The presence of a homologous fifth core subunit in the KEOPS complex from two distinct eukaryotic lineages raised the possibility that Gon7/C14 orthologs could also be present in Archaea. In search for the putative fifth KEOPS subunit in archaea, we identified in silico a small uncharacterized protein that showed significant sequence similarity to the Pcc1 KEOPS subunit. We present here the biochemical and structural characterization of this protein, named Pcc2, and establish it as a fifth core subunit of the archaeal KEOPS complex. Pcc2 shares several sequence and structural similarities with the eukaryotic Gon7/C14 proteins suggesting that the 5-subunit complex is the ancestral form of the KEOPS complex. Our work lays foundation for the future comprehensive studies of the biological and biochemical function of Pcc2 and warrants searches for the fifth core subunits in eukaryotic lineages outside animals and fungi.

Results

A paralog of Pcc1 is widely distributed among archaea

The recent discovery of a fifth subunit of KEOPS in metazoa raised the possibility that a corresponding subunit could exist in archaea.

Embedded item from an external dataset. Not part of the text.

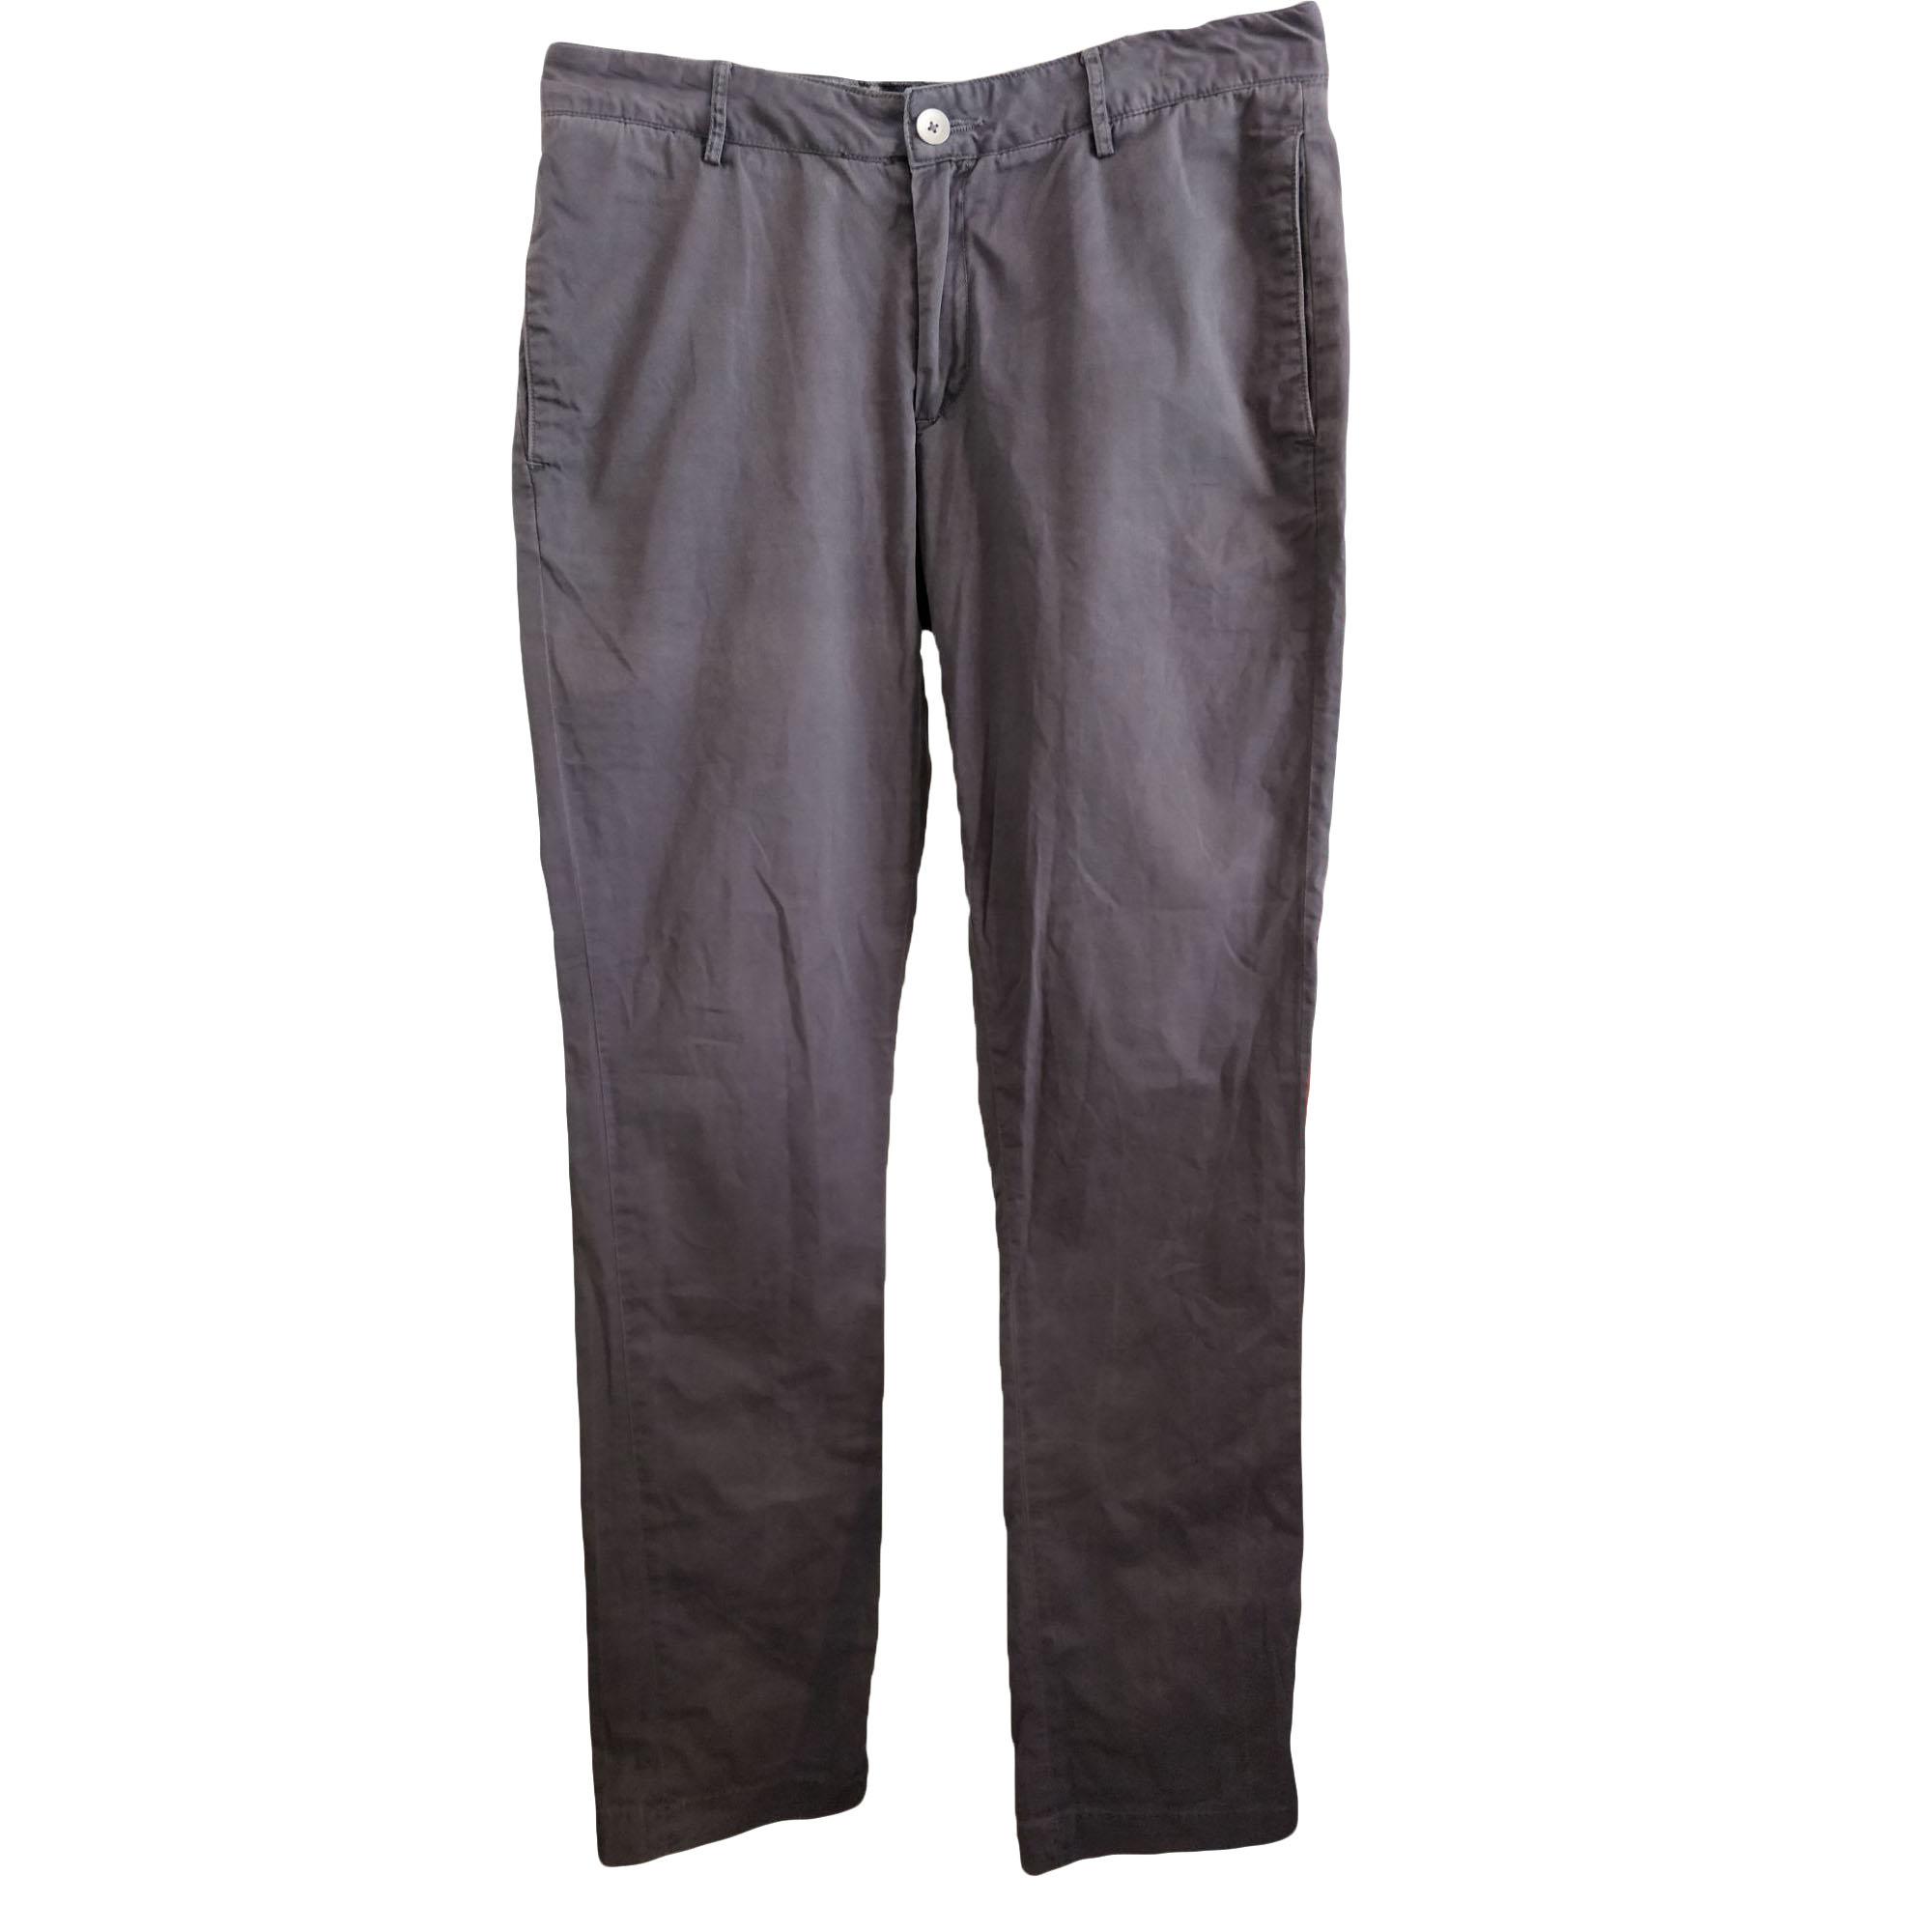 Straight Leg Pants ACNE Gray, charcoal

In search for such a subunit, we noticed in the model archaeon Thermococcus kodakarensis KOD1 the existence of two genes (TK1253 and TK0642) both annotated as KEOPS subunit Pcc1 in the NCBI database. TK0642 encoded an 82 aa protein (UniProt Q5JF86) while TK1253 encoded an 85 aa protein (UniProt Q5JGMS) (Supplementary Fig. 1A). The two proteins displayed rather low pairwise sequence identity (22%) but high sequence similarity (55%). The alignment of their sequences with the previously described Pcc1 from Pyrococcus furiosus (PfPcc1)³⁴ showed that TK0642 is more similar to PfPcc1 (55% sequence identity versus 29% sequence identity for TK1253) (Supplementary Fig. 1B). This suggested that TK0642 and TK1253 are paralogs derived from a gene duplication event whereby TK0642 encodes the canonical Pcc1 protein. We named the product of the gene TK1253 Pcc2 to underline the evolutionary link with Pcc1 protein family.

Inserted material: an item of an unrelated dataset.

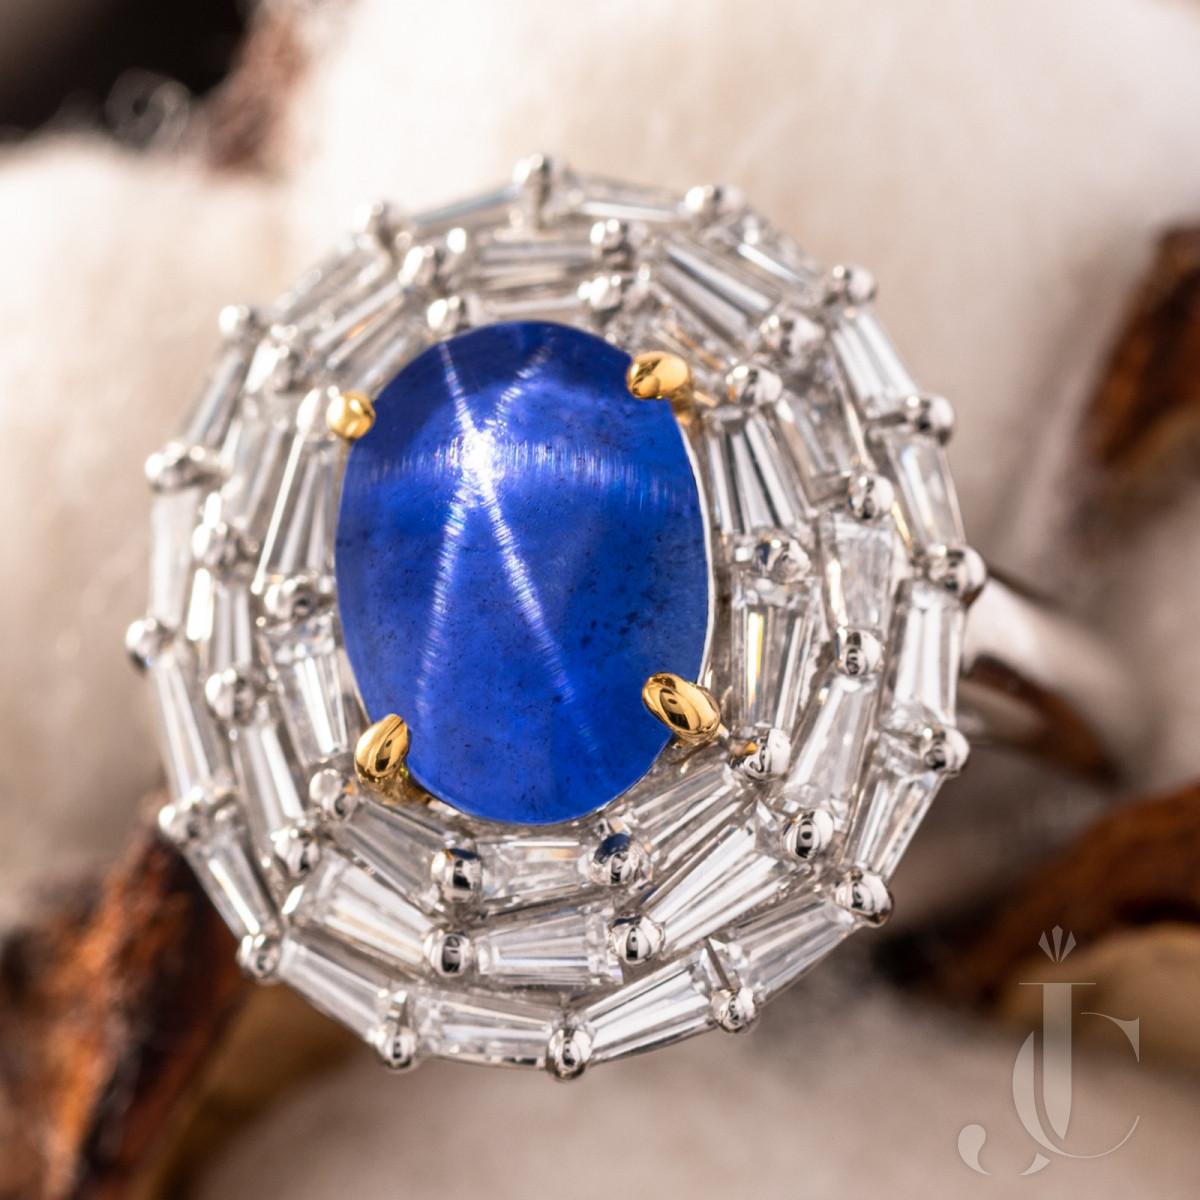 Platinum 3.46 carat star sapphire Diamond ring

Next, we set out to investigate the distribution of Pcc2 among archaea using HMM-based sequence similarity searches. We detected Pcc2 orthologs in 11% of DPANN, 38% of Asgard, 83% of TACK, and 88% of Euryarchaeota genomes. Except for the DPANN superphylum where Pcc2 was found in a single lineage (Altiarchaeota), the vast majority of archaeal genomes contained both Pcc1 and Pcc2 encoding genes (Fig. 2A and Supplementary Fig. 2). These numbers should probably be regarded as conservative since we may have missed highly divergent orthologs. Moreover, when searching for Pcc2 orthologs in specific lineages we found that they were missing in protein sequence databases but we could detect them by performing manual tblastn searches, thus indicating that some pcc2 genes (and likely also pcc1 genes) were left undetected by automated gene annotation tools.

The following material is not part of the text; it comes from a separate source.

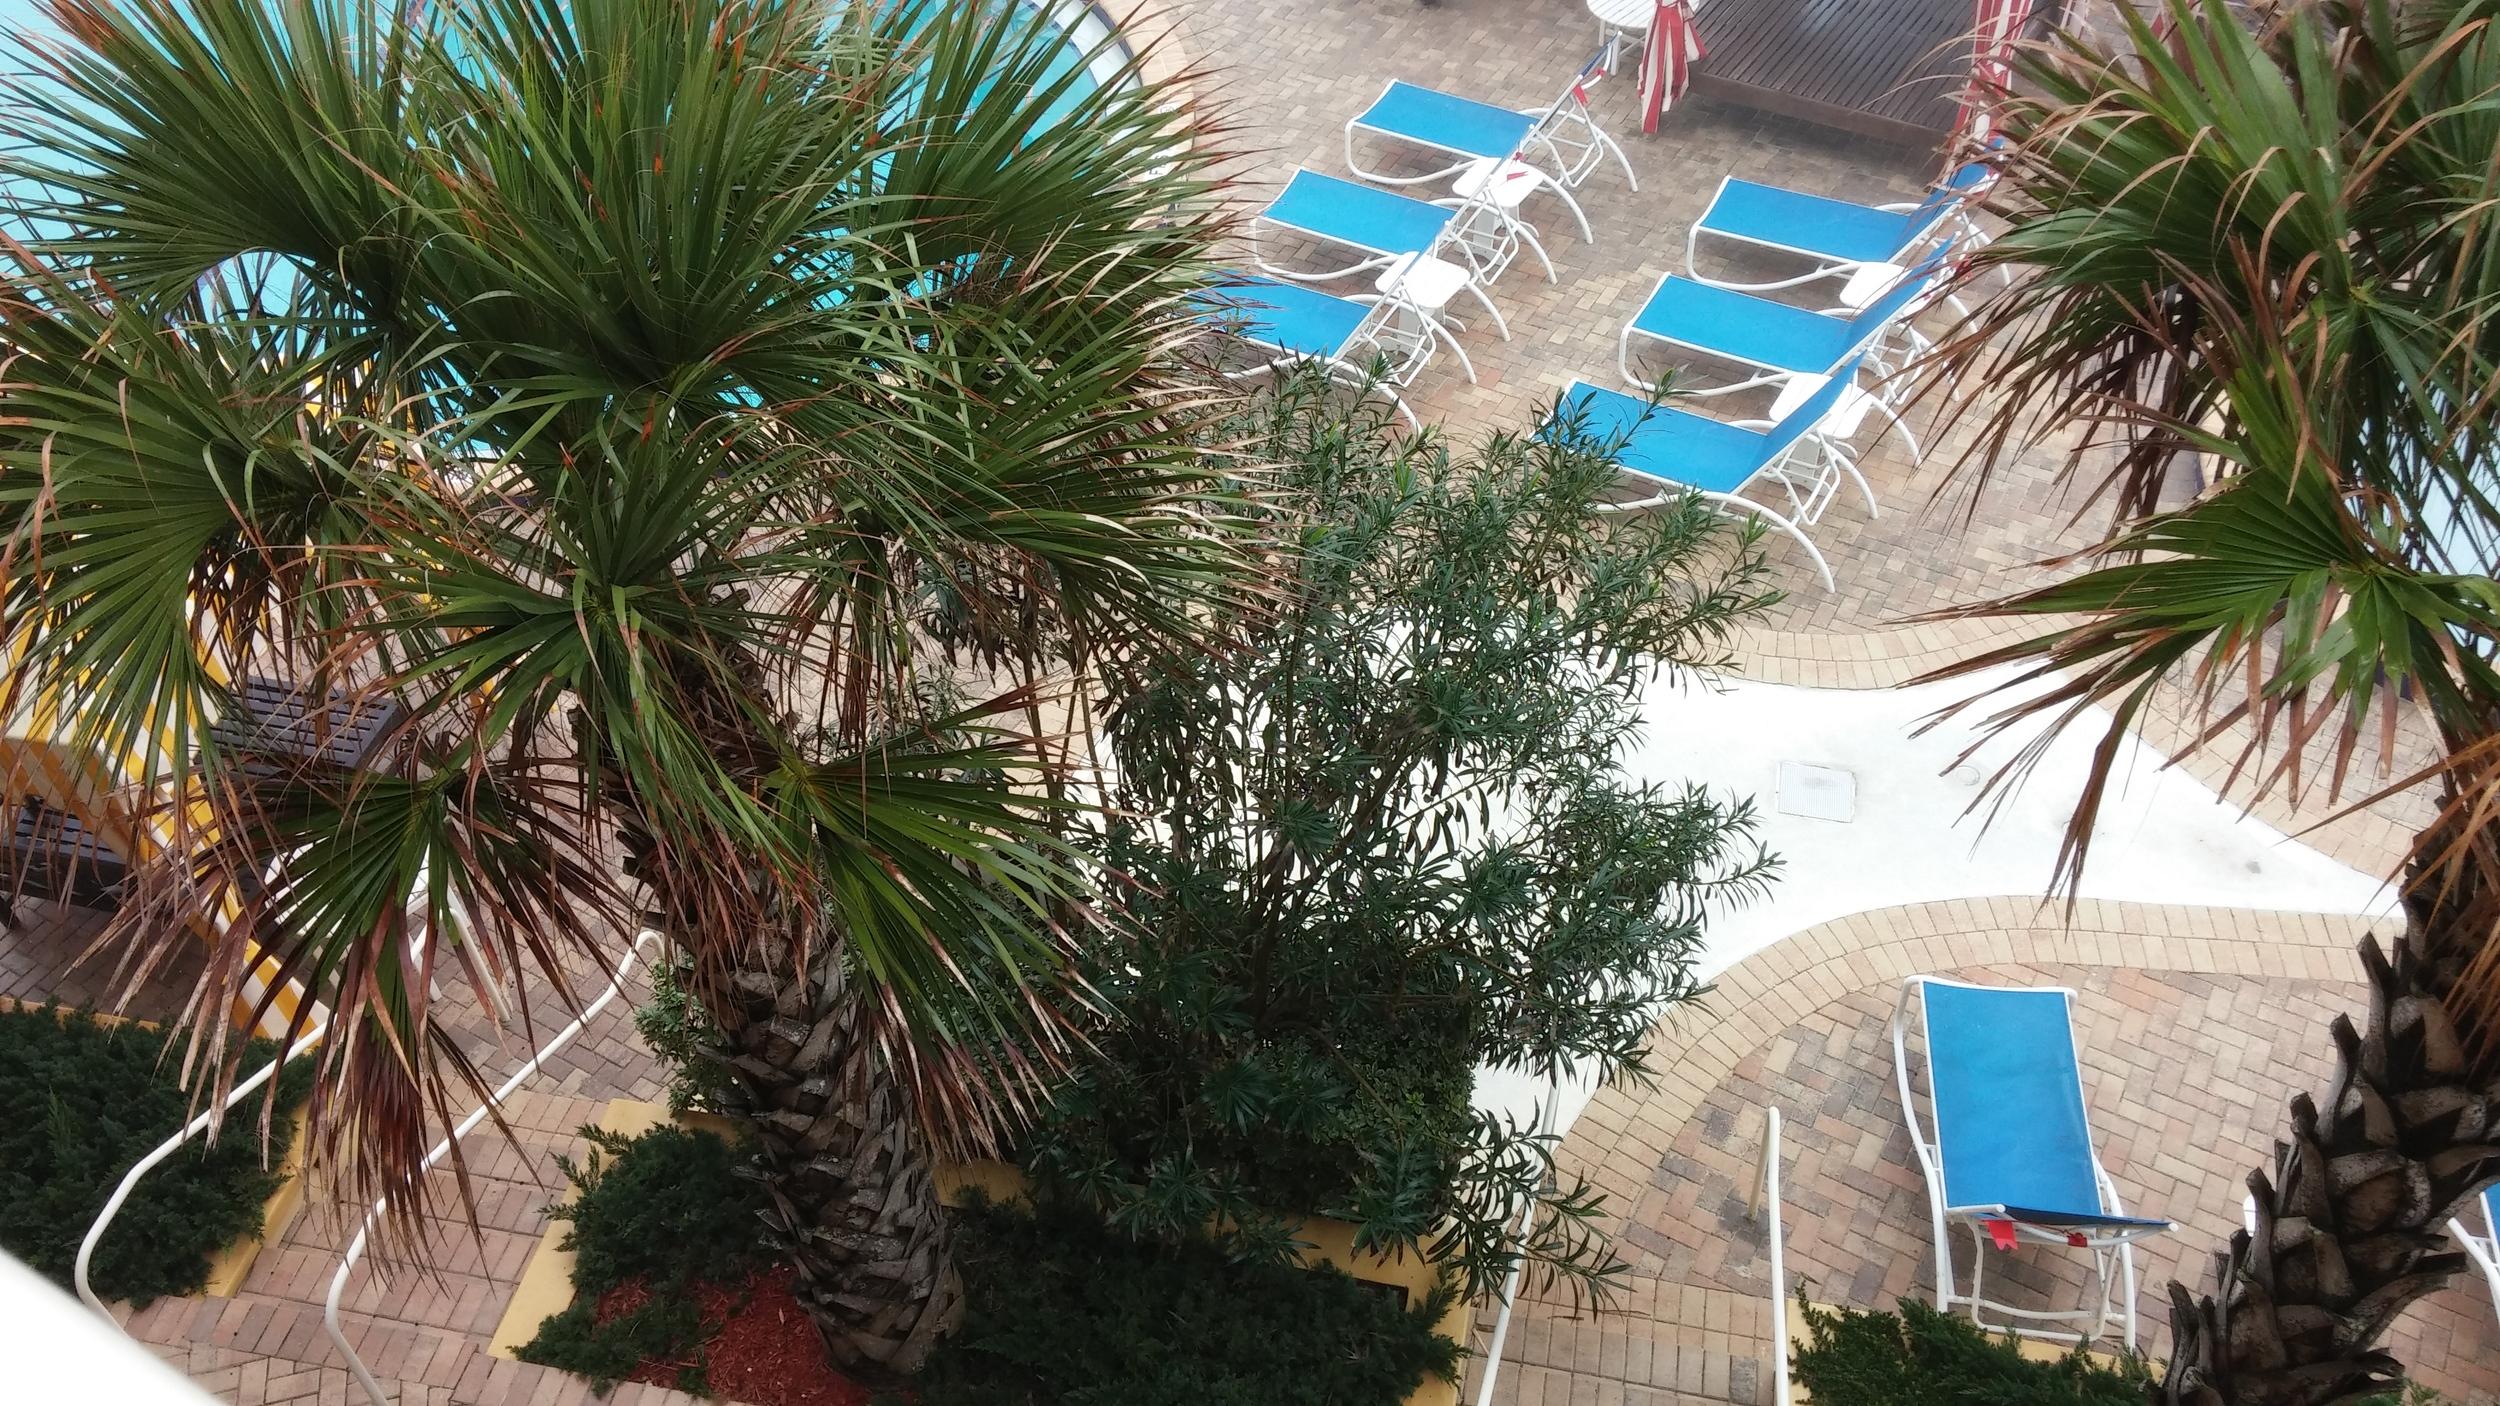 2016-01-08 The Shores Resort and Spa, Daytona Beach FL 1.jpg

**Fig. 2: Identification of Pcc2 proteins in archaea.**

The alignment of representative Pcc1 or Pcc2 sequences from 27 archaeal phyla revealed low amount of global sequence conservation within each gene family, except for a few highly conserved residues grouped in two separate regions (box 1 and box 2) (Supplementary Fig. 3). While the box 1 sequence contains conserved residues in both protein families, the box 2 is specific to each family. Of note, the conserved residues N⁷², S/T⁷³ in Pcc1 sequences are replaced by negatively charged residues D/E⁷², D/E⁷³ in Pcc2 sequences (Pyrococcus furiosus numbering, UniProt Q8TZI1) (Fig. 2B). Consistent with them being paralogs, the phylogenetic tree of representative Pcc1 and Pcc2 sequences showed bipartite topology with one monophyletic clade corresponding to Pcc1 orthologs and the other to Pcc2 orthologs (Fig. 2C).

Collectively, the data show that Pcc2 and Pcc1 are paralogs emerging after an ancient gene duplication event that occurred before the diversification of Archaea. Following the duplication, the proteins were conserved in the majority of archaeal lineages and they diverged in their C-terminal part which harbors paralog-specific conserved residues. The discovery of Pcc2 in Archaea offered the exciting possibility that this paralog evolved to provide a specific function within the KEOPS complex.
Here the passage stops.